DORSA DERAKHSHANI: Why I Left Iran to Play Chess in America.

Chess — a game that I have loved since I first sat down at a board — is pure. It doesn’t care about gender, ethnicity, nationality, status or politics. But too often the countries, organizations and people who enforce the rules in the world of chess are anything but.

This is a subject I know something about.

I was the second-highest-ranked player for girls under 18 in the world in 2016. I am the second-highest-ranked female chess player in Iranian history. And yet my passion for the game has taken me thousands of miles away from my home in Tehran to seek citizenship here in the United States.

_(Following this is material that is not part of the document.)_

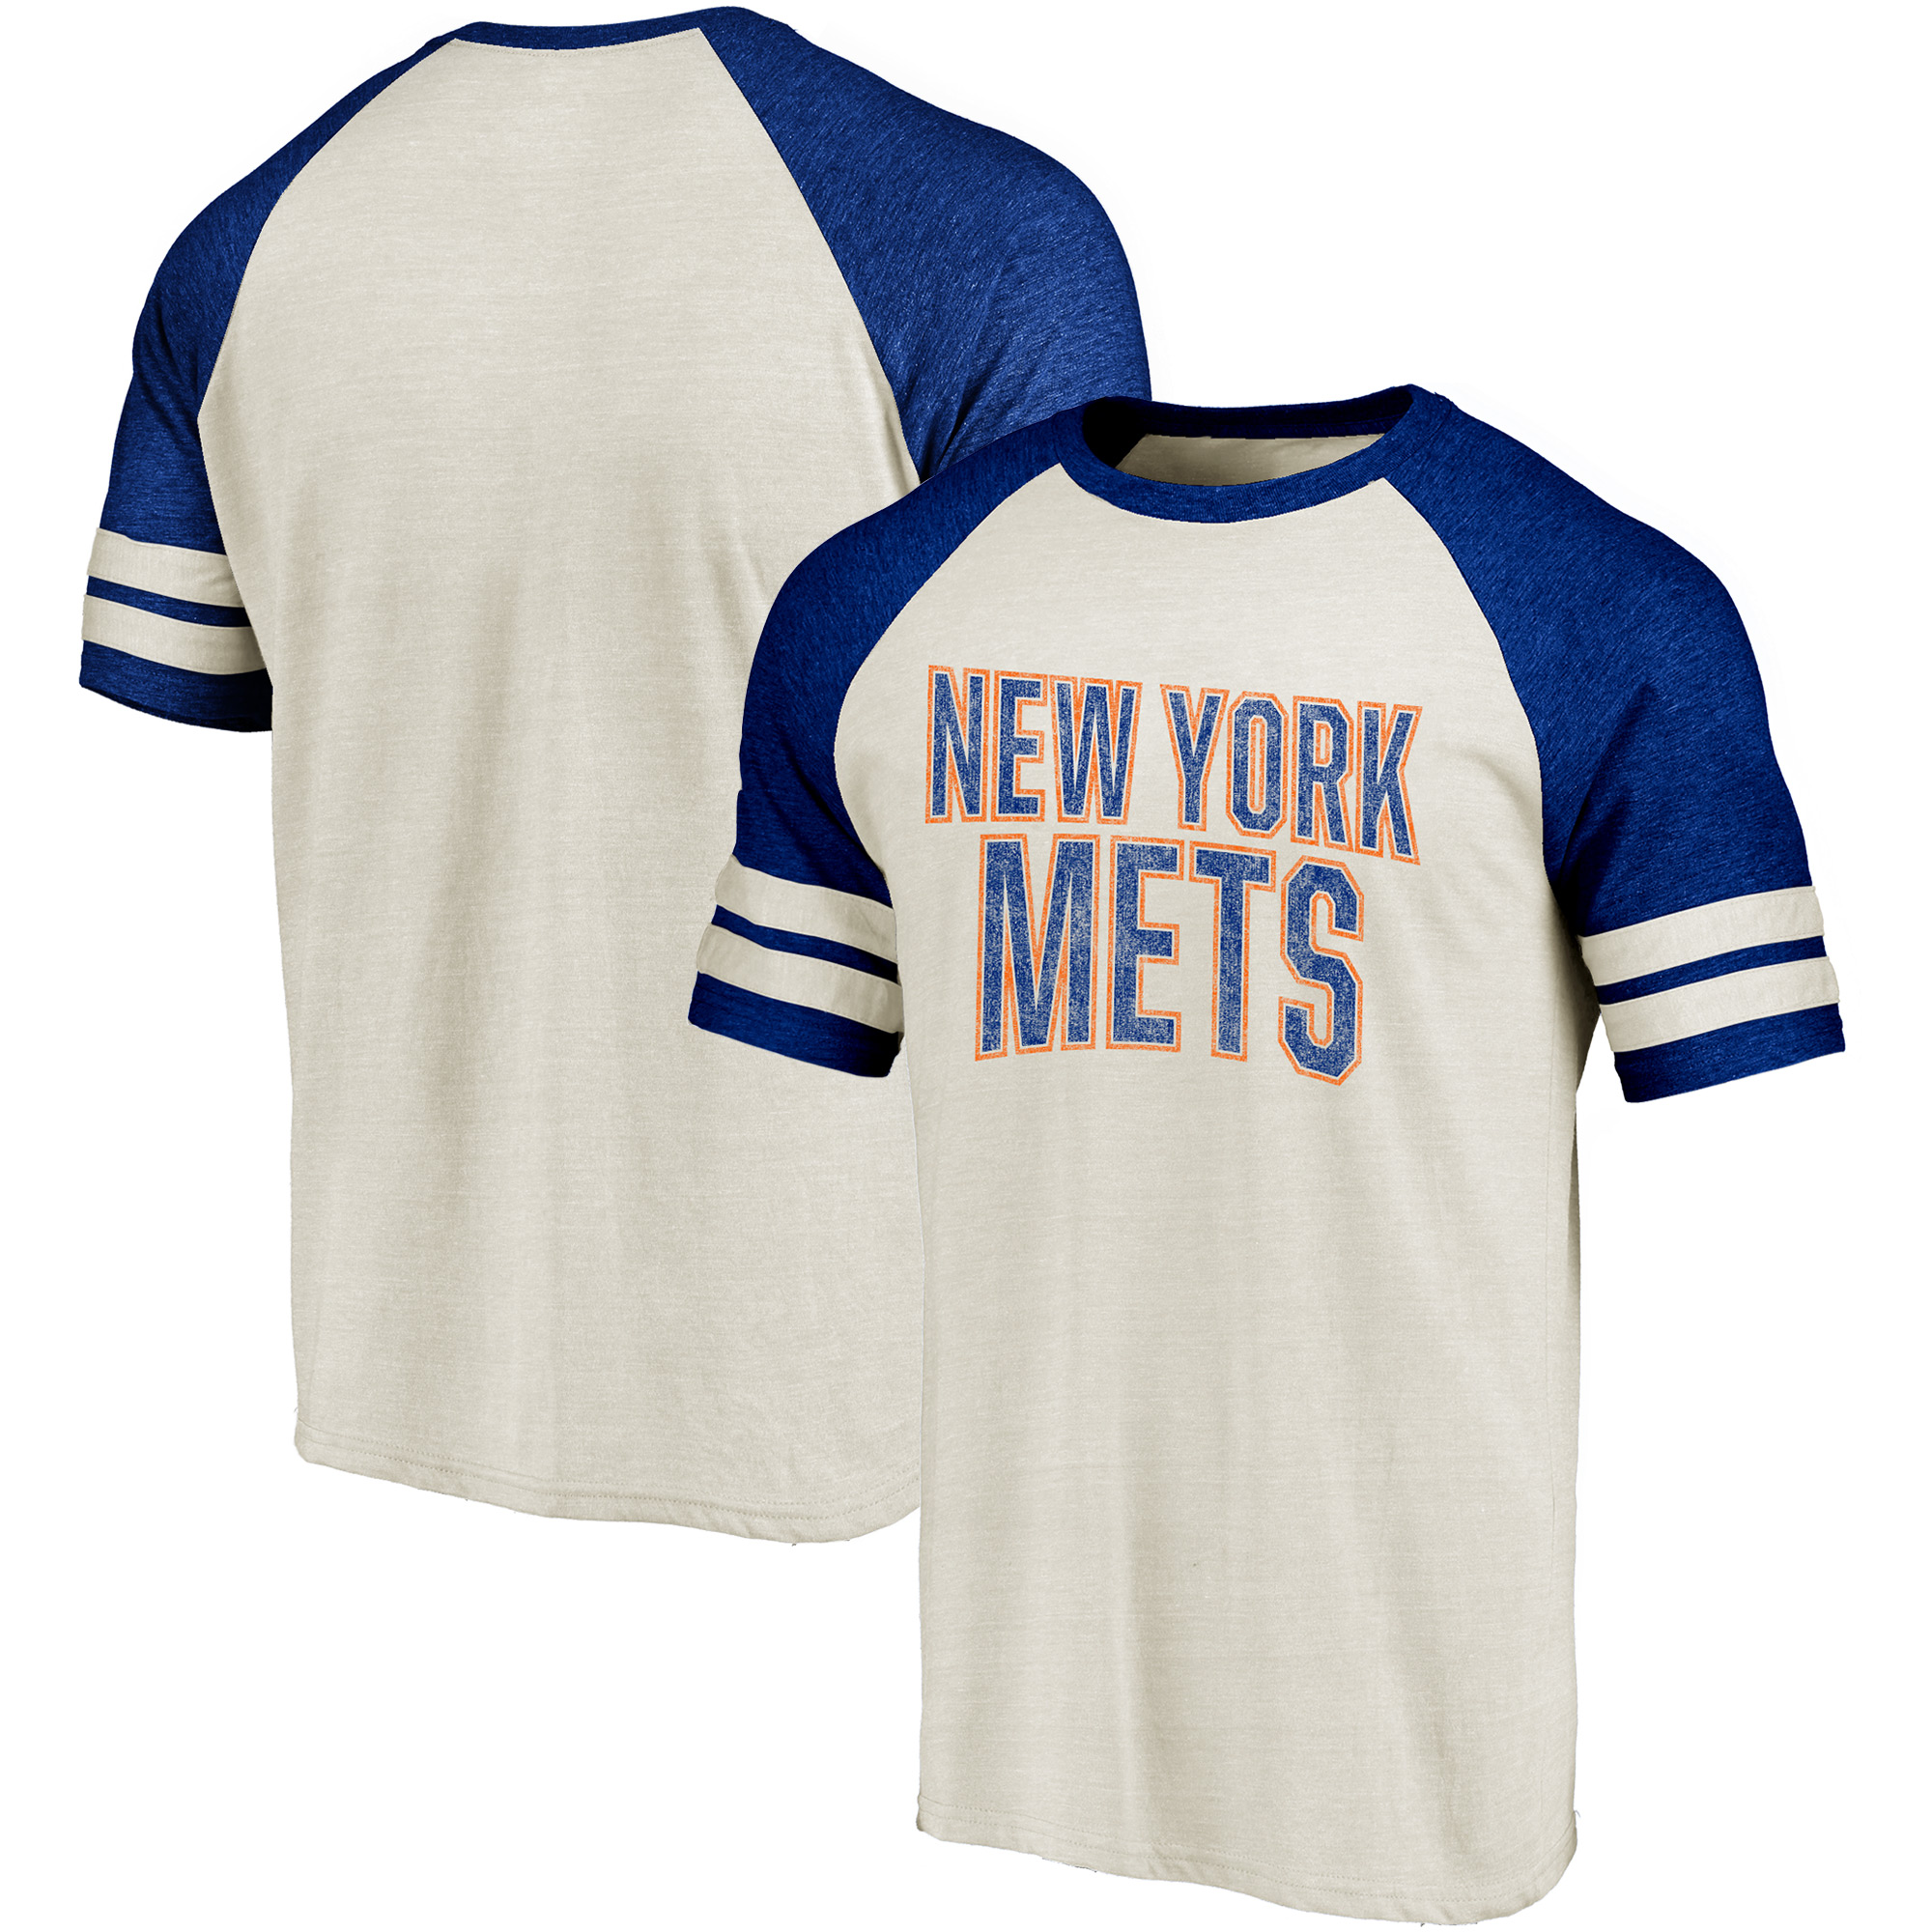 New York Mets Fanatics Branded True Classics Colorblock Raglan T-Shirt - Cream/Royal

From 2011 until 2015 I played for the Iranian national team. I had to follow the official Iranian dress code, which requires women to cover their hair in public. I understood that being a member of the team meant that I was an official representative of the country, so I never broke the rules. But I chafed under them.

Unlike on the Iranian team, I am now surrounded by people who respect me as a player and don’t care or notice what I look like. Unlike on the Iranian team, where the officials could ignore a player’s earned right to play a tournament and replace that player with someone they preferred, here the rules are consistent and fair.

In this sense, America at its best reflects the best values of chess. Chess doesn’t care how old you are or what you wear. It doesn’t care about what gender you are, or how much money you have. It is blind to all of that. It cares only about merit.